Following article courtesy of the Sunday Times:
---------------------------------------------------------
The Sunday Times December 31, 2006

Non, nein, no: Europe turns negative on the euro
Matthew Campbell, Paris

A FRENCH diplomat who spent the festive period at his weekend home in rural France was astonished last week when a man in a DIY shop presented him with a bill in francs, rather than in euros, with the excuse: “I am sorry, monsieur, most of my clients prefer it that way.”

In a world apart from the euphoria with which 12 nations — excluding Britain — switched to the euro on New Year’s Day in 2002, hostility towards the single currency is growing as a wider malaise over an expanding Europe takes hold.



“I suppose in some places the euro has just never really caught on,” said the diplomat. “I feel very pessimistic about the future.”

Slovenia will drop its tolar tomorrow in favour of eurozone entry, but in “old Europe” the fifth anniversary of the introduction of the euro will be more an occasion for bitter reflection than fanfares.

The high denomination notes may be popular among criminals, but one poll released last week showed that 52% of French people believe that “the euro is a bad thing”, blaming it for inflation, and 57% felt that the euro had been bad for them “personally”.
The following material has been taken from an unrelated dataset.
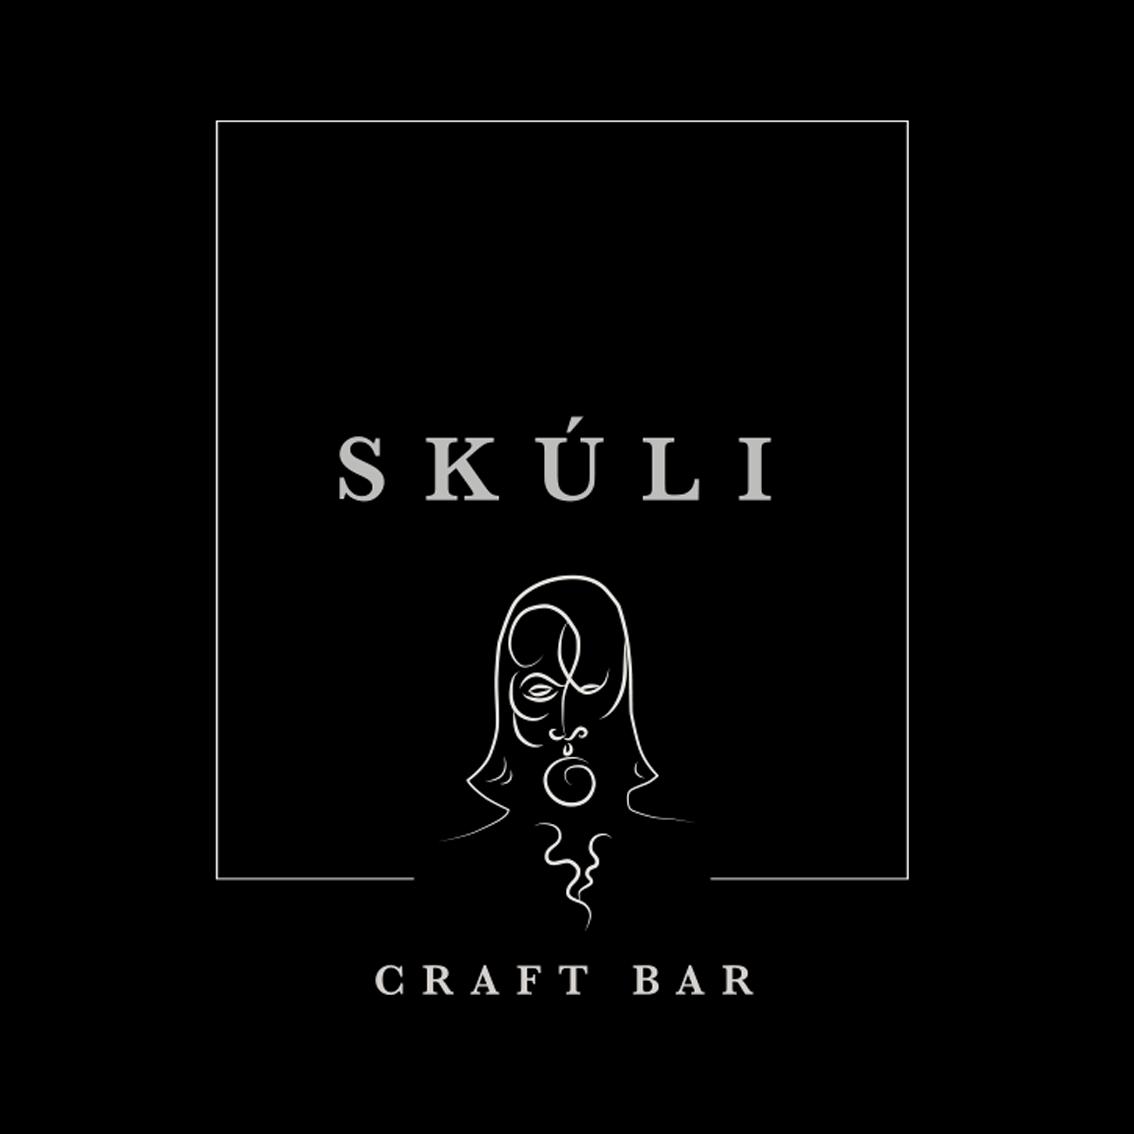 Skúli Craft Bar

A quarter of the population, it emerged, still calculated prices in francs, a process that the government has not seemed to discourage by requiring all receipts to display, alongside the euro total, the equivalent price in francs.

It might not matter if this disgruntlement were limited to rural French bakers who spit at the mention of euros: the French are in a peculiar mood, as they demonstrated most spectacularly by rejecting the European Union’s proposed constitution in a referendum last year.

More worrying to Brussels, however, was evidence that resentment of the euro was spreading to other parts of the empire. A majority of Germans, it turns out, also long to have their old currency back, according to another recent poll, because of inflation that they blame on the “teuro”, as they often call the euro in a play on teuer, the German word for expensive.

The Spanish and Irish seem relatively content with their lot but the same cannot be said of Italy, where 64% of people acknowledged feeling “little” or “not at all” at ease with the European currency, which they blame for higher prices. Some politicians have called for the country to re-establish the lira to revive economic growth.

This was all a far cry from the “very great federating power” that Hubert Védrine, the former French Socialist foreign minister, imagined for the euro.

“It has not had the effect of an integration lever that its founding fathers dreamt of,” said the left-wing Libération newspaper in an editorial last week. “At a time when the European project has broken down . . . you have to be a Slovene to feel any enthusiasm about joining the eurozone.”

In Slovenia the opinion polls showed that the euro was still generally popular because it represented a final break with the communist past.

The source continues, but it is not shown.